Alternatively: Why I Failed to See the Obvious

For those few hearty souls who have attempted to read my disorganized rantings in the baseball shout box regarding my efforts to create a baseball player elo rating system based on match-up to match-up results, in sequence, allow me to summarize my experience to date, in a language so simple that it can be reduced to emojis:

IDEA PHASE:

:0

EXECUTION PHASE:

:D

DEBUG PHASE:

:|

RE-EXECUTION:

>(

SECOND DEBUG:

:) (!)

FINAL RUNS:

*DANCING*

NOTICE IDIOTIC TYPO:

:(

RERUN:

*headdesk*

Yep...the first serious attempt to turn the game of baseball into an elo-rated (and thus strength of schedule and clutch-corrected) system like chess was a total failure.  And the reason is so ridiculously obvious that someone on here should probably have stopped me from making a fool of myself except that I am terrible at explaining what I'm doing as I'm doing it and most of you have been reading my the first several words of my shouts on the topic and feeling as though I'm speaking in Swahili.  Sorry about that.  Let me now demonstrate how large of a moron I am in the simplest possible math terms (there are two formulas in this explanation, but that is unavoidable and I'll break them down.

HOW ELO WORKS

Before we can understand why Elo was never going to work on a match-up to match-up basis, and why my next idea has a much higher chance of success, we have to all get on the same page as to what it is that Elo is really doing.

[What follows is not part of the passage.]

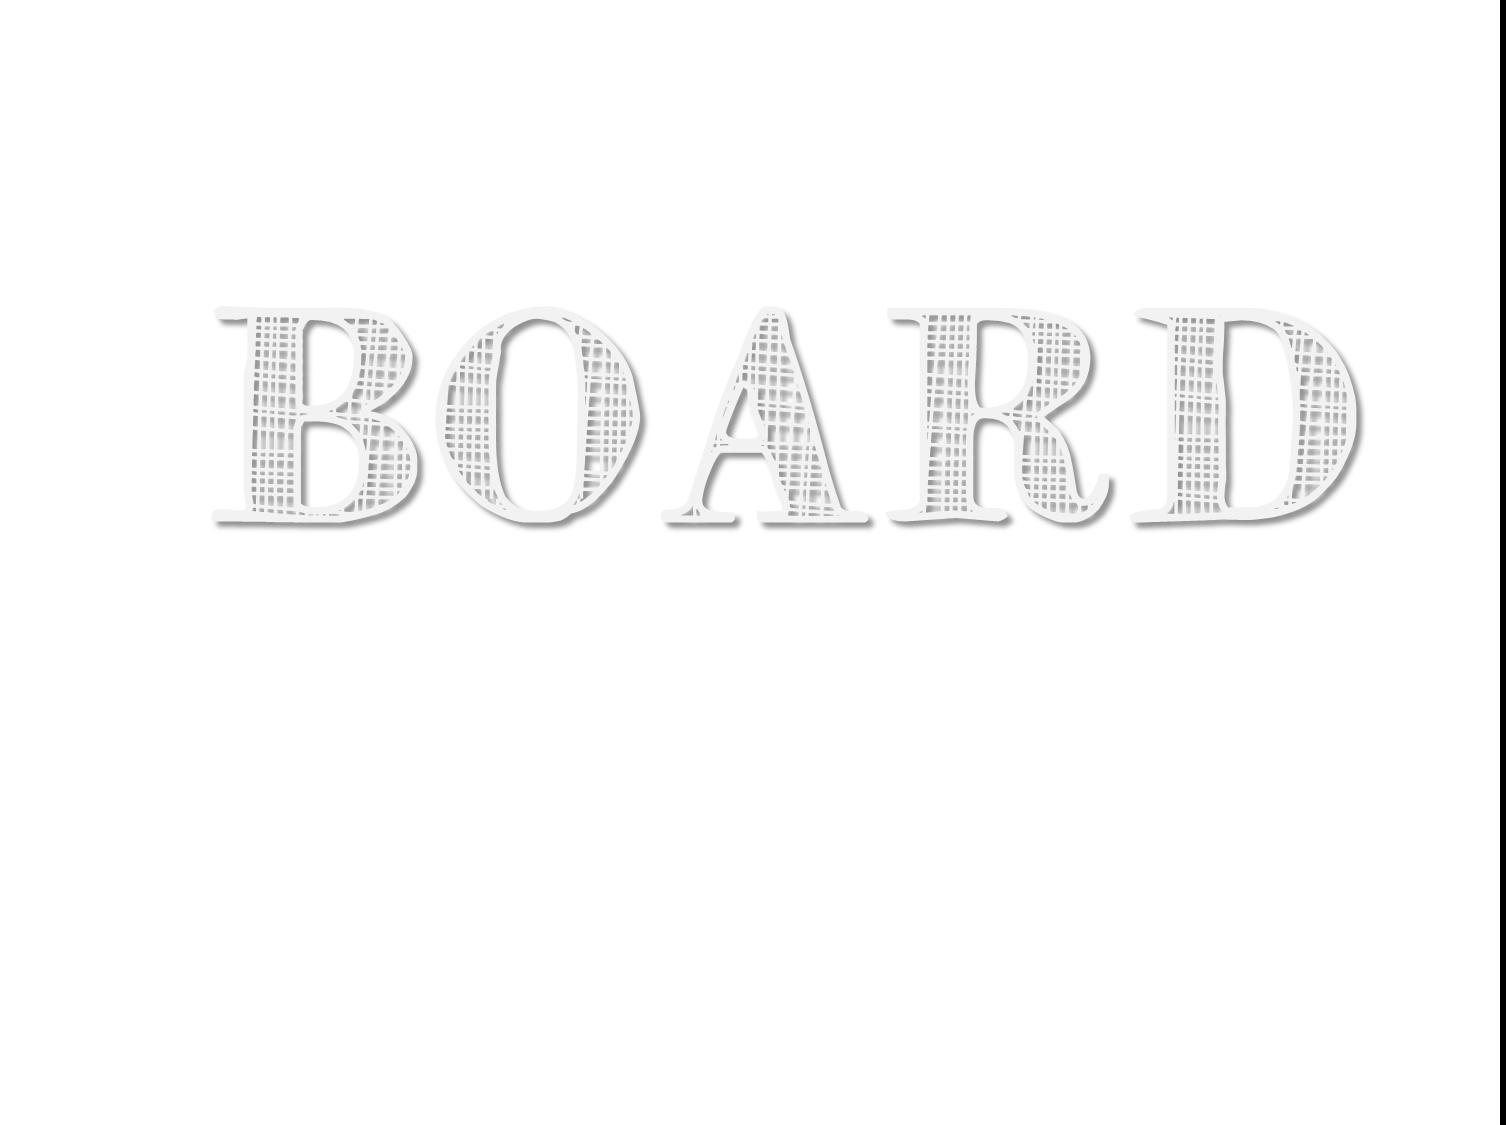 board gray.png

Elo affixes an easy to understand number onto a (hopefully) large sample of events as a means of expressing the probability of a win in the next game without having to think in terms of probabilities.  Here is the basic formula:

ELO
The answer to this one is never 42, so it's nothing too complex

Ra' refers to the altered Elo rating of any player, Ra is his rating before the game, K is an arbitrary weight that determines how much the rating can possibly change from game to game, Sa is the success rate of the player (1 for a W, 0.5 for a tie, and 0 for a loss), and Ea is the expected success rate given his initial rating and the rating of his opponent.  Seems simple enough, except that the final term must be found (all other terms are known except the new rating, after all), and it is found using a somewhat less simple formula:

Expected W% by Elo
Here's where I failed - let's see if you can spot it

Don't squint too hard at the equation, because it is simpler than it looks...it just takes this complex form because the creator needed a way to force the system to produce a ratings spread that is both easy to read and directly linked to the real odds of one player defeating another, which means he needed a final number between near-zero and near-one.  If the opponent has a higher rating than our original player, we surmise that the original man's odds of winning are less than 50%.  If the second player is a LOT better, we surmise that our guy is extremely unlikely to win.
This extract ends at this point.